Латаный-перелатаный вертолет дрожал всем своим дряхлым существом, натужно кашлял, болезненно почихивал в безвоздушном пространстве — так казалось Борисову — несся в безобразном шуме к огромному черному бездонному колодцу. Автомат, пистолет, гранаты, нож были смехотворно нищей защитой. В семье только тетя Оля, младшая сестра матери, была верующей, и Борисов любил добродушно над нею смеяться. Теперь он с теплотой вспомнил ее любовь к нему, ее доброту; она не может ему помочь, потому что Бога нет, но мысль о ее молитве к Нему, дабы Он спас племянника, принесла Борисову единственную тихую радость. Он вспомнил: его в трехлетнем возрасте тайно крестили — тетя Оля настаивала, матери вообще нравилось все таинственное, а отец долго не сопротивлялся, хотя за это по головке не погладили бы, особенно по партийной линии, мог запросто угодить в черный список. Но, как отец рассказывал после, сам комполка своих тайно крестил, так что одного из друзей, да к тому же одного из лучших офицеров части он как-нибудь бы защитил. Отец всегда стоял горой за соблюдение обычаев, а крещение как-никак наш древний обычай, старая народная привычка, да и превосходнейший повод покутить от души — раз речь идет как раз о спасении души. Эта шутка всегда вызывала отцовский хохот, а у тети Оли добрую, чуть грустную улыбку.
Вой, кашлянье и чиханье вертолета быстро стали привычными и превратились в особую тишину, в которой собственные мысли кажутся чужими, отдаленными. Чувство беспомощности перестало вызывать злобу, а лишь легкую жалость к себе. «Эх, Света, Света». Он вдруг понял, что никогда на ней не женится. Да, невыйдет она замуж ни за старшего лейтенанта, ни за капитана, ни за майора Борисова. Не достаточно он выгоден для нее, а она жертвовать ничем не привыкла…Света с ее московской мордашкой, акающей московской скороговоркой была холодна. «Белорыбица». Она давала только тогда, когда считала нужным, расчетливо. Никаких порывов. И ей вечно не хватало денег, хотя деньги она одновременно и презирала. А в любви была скупа, заставляла ждать и ждать, в постели бывало отворачивалась без всякого повода, бормотала «спать хочу» и, не обращая внимания на его жадные руки, действительно засыпала за минуту, дышала ровно, словно младенец, а он до середины ночи смотрел в потолок, тихо бесился. Вместо счастья — нытье в груди. Нет, если меня ранят — не хочу ее в госпитале, если убьют — не хочу ее на похоронах… Но меня не убьют и даже не ранят, правда, Борисов? Правда, правда.

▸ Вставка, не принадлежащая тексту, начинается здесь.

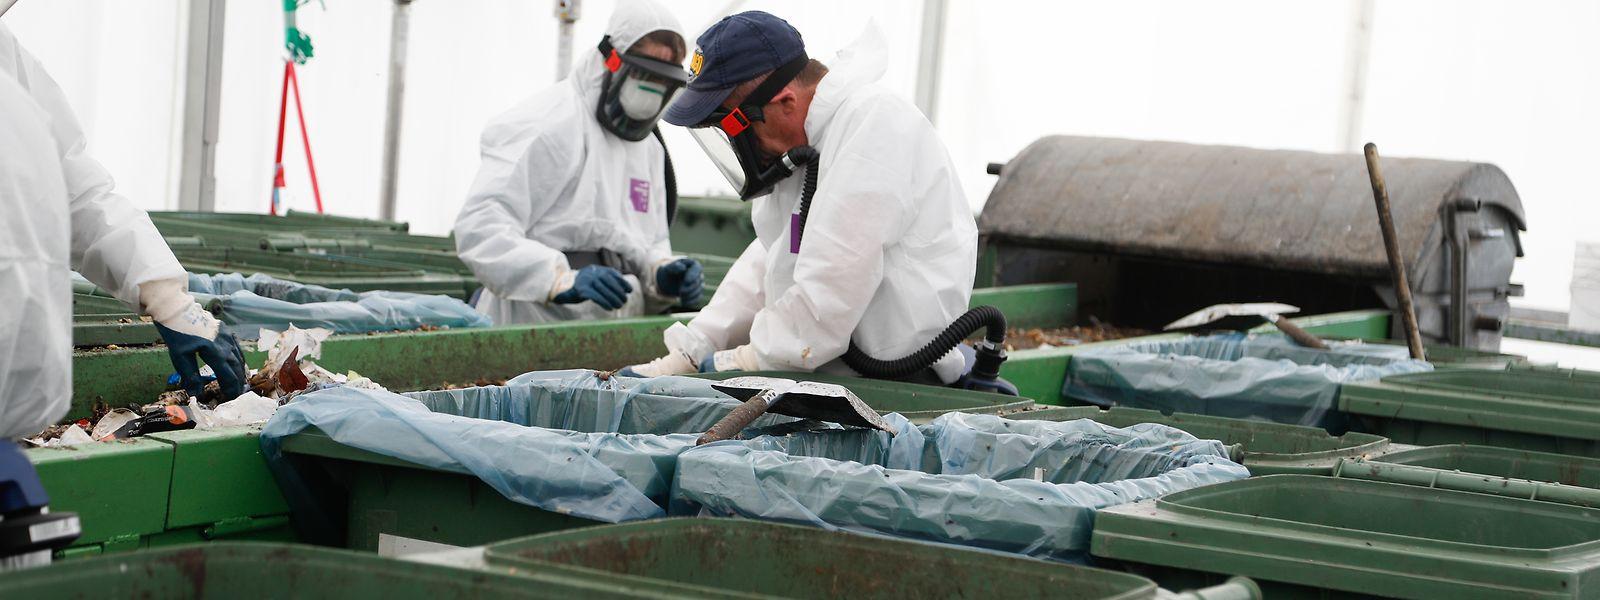 """Im Logistikcenter der """"SuperDrecksKëscht"""" in Colmar-Berg sortieren Mitarbeiter Restmüll. Etwa 5.000 Unternehmen und fast alle Gemeinden lassen ihren Abfall von der SDK entsorgen."""

МИ-8 пошел на снижение, и в желудке старшего лейтенанта образовалась четкая пустота, а нервы придали телу скрытую пружинность и силу. Вот он, сигнал! Бго похлопали по плечам, спине. Кто-то пожелал ему локтем в ребра удачи. Яркие вспышки разнеслись от вертолета. «Клоуны». Вертолет застыл, прожектор осветил лунный пейзаж. Вертолет переместился. «Чего он себя выдает? Ну да, если были бы здесь душманы и был у них «Стингер», то они все равно видели бы нас как днем. Но их нет, правда ведь, Борисов, ведь правда? Правда, правда».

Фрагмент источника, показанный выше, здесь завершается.